Sin decir palabra, Cesare le rozó la mejilla con el dorso de la mano. Ella ladeó la cabeza, sin comprender el significado, cuando se oyó un débil suspiro.
“Esto no puede ser…”
La voz pertenecía a Ornella. Entrando del brazo de Leone, parecía atormentada por el denso olor a sangre que impregnaba el aire. Su rostro estaba pálido como la muerte, como si fuera a desmayarse en cualquier momento.
Las personas que habían reconocido tardíamente al Emperador se apresuraron a presentarle sus respetos. Cuando todos los reunidos en el bosque hicieron una reverencia cortés, una breve sonrisa se dibujó en el rostro de Ornella, el mismo rostro que momentos antes parecía al borde del colapso.
Pero pronto adoptó una expresión triste de nuevo, apoyándose en Leone y respirando con dificultad. Leone la sostuvo con firmeza y la tranquilizó con voz suave.
“Está bien, Ornella. Ya pasó.”
Ante el tierno tono con el que la llamó, una pequeña conmoción recorrió a los nobles. Aunque estaban comprometidos, era raro que aparecieran juntos en público.
Se sabía desde hacía tiempo que no había afecto entre Leone y Ornella. Sin embargo, ahora, al verlos mostrar una repentina ternura, los presentes no pudieron evitar sorprenderse.

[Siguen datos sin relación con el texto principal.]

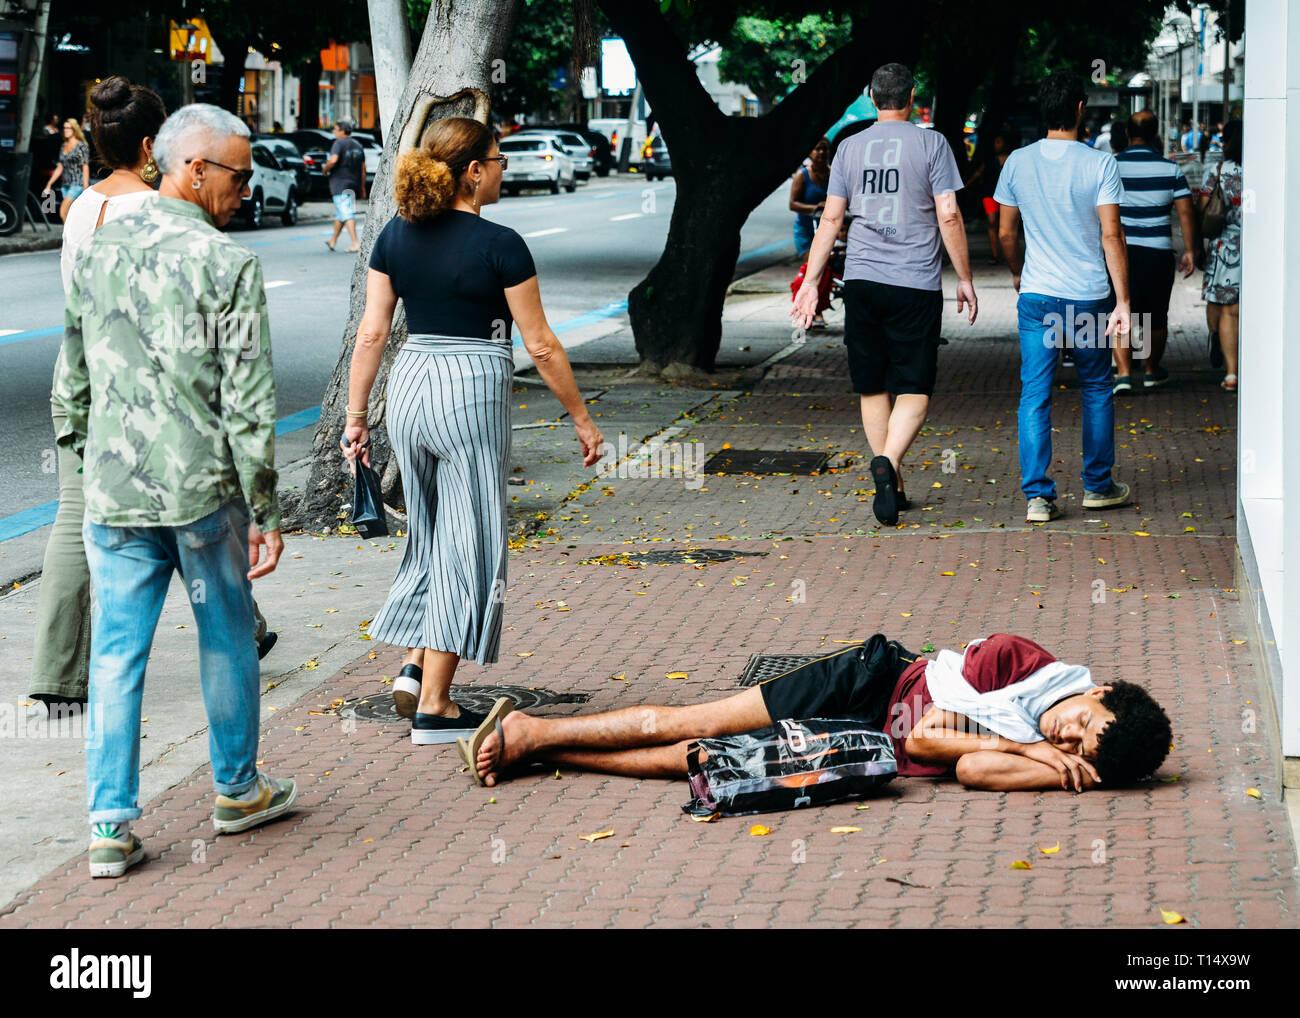 Rio de Janeiro, Brazil, March 23, 2019: Homeless young man sleeping rough while pedestrians walk next to him on busy pedestrian sidewalk in the wealth Stock Photo

En medio del alboroto, solo Cesare permaneció impasible. Con Eileen a su lado, se acercó a la pareja.
“Saludo al Emperador.”
Como era una ocasión formal, sus palabras fueron mucho más ceremoniosas de lo habitual. Leone, que había estado ocupado consolando a Ornella, levantó la cabeza tardíamente para mirarlo.
“Gran Duque. ¿Está ileso?”
Su voz estaba llena de preocupación, como si temiera que su hermano menor pudiera haber resultado herido. Cesare desvió la mirada ligeramente.
“Lo más importante…”
Su mirada roja se volvió hacia Ornella, que se presionaba la frente con la mano.

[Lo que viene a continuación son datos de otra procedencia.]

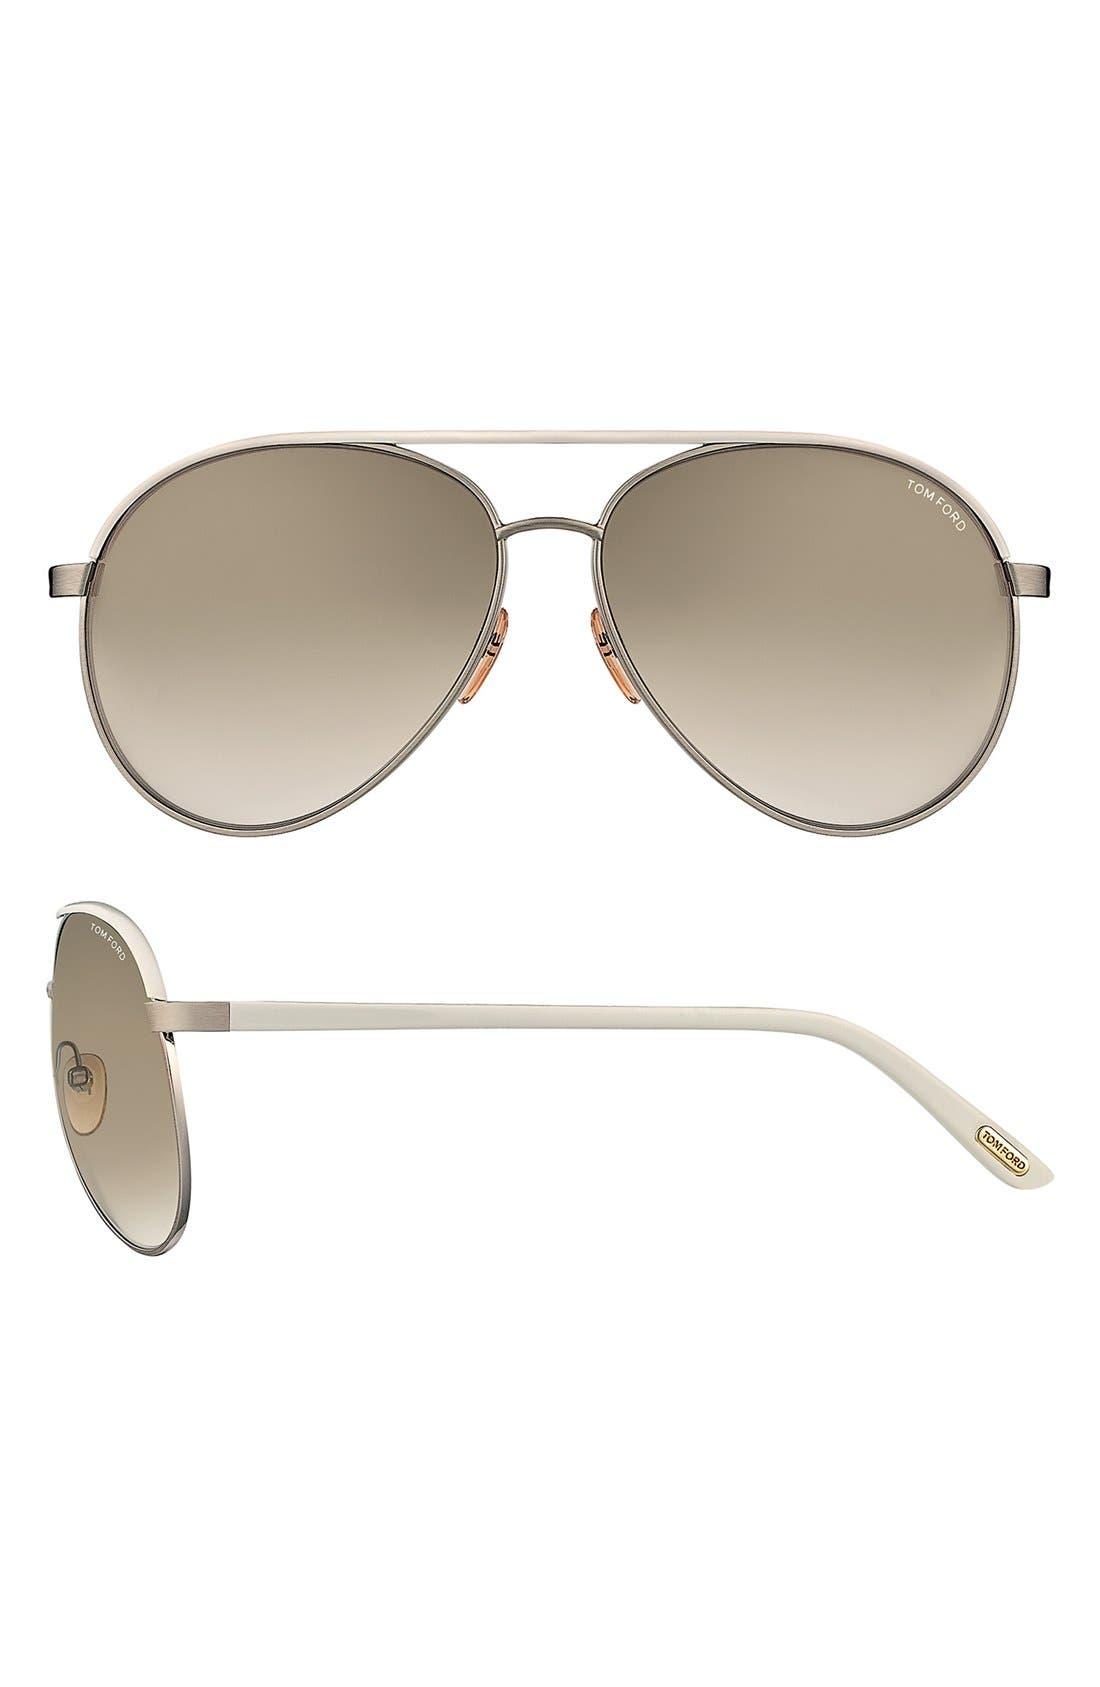 Main Image - Tom Ford 'Silvano' 59mm Polarized Sunglasses

“¿No deberíamos estar preocupados por Lady Parbellini?”
Ella negó con la cabeza lentamente.
“Me sobresalté, y parece que el susto me provocó dolor de cabeza. Con un poco de descanso me bastará.”
Con una leve sonrisa melancólica, habló en voz baja. Cesare soltó una risita.
«¿Quieres alguna medicina?»
Los ojos de Ornella se abrieron de par en par. A punto de corresponderle con una sonrisa radiante, se quedó paralizada ante sus siguientes palabras.
“Aquella que tanto deseabas.”
Cesare inclinó levemente la cabeza y sus largos ojos se curvaron con una expresión maliciosa y divertida.
“Parece que aún puede quedar algo de Asperia”.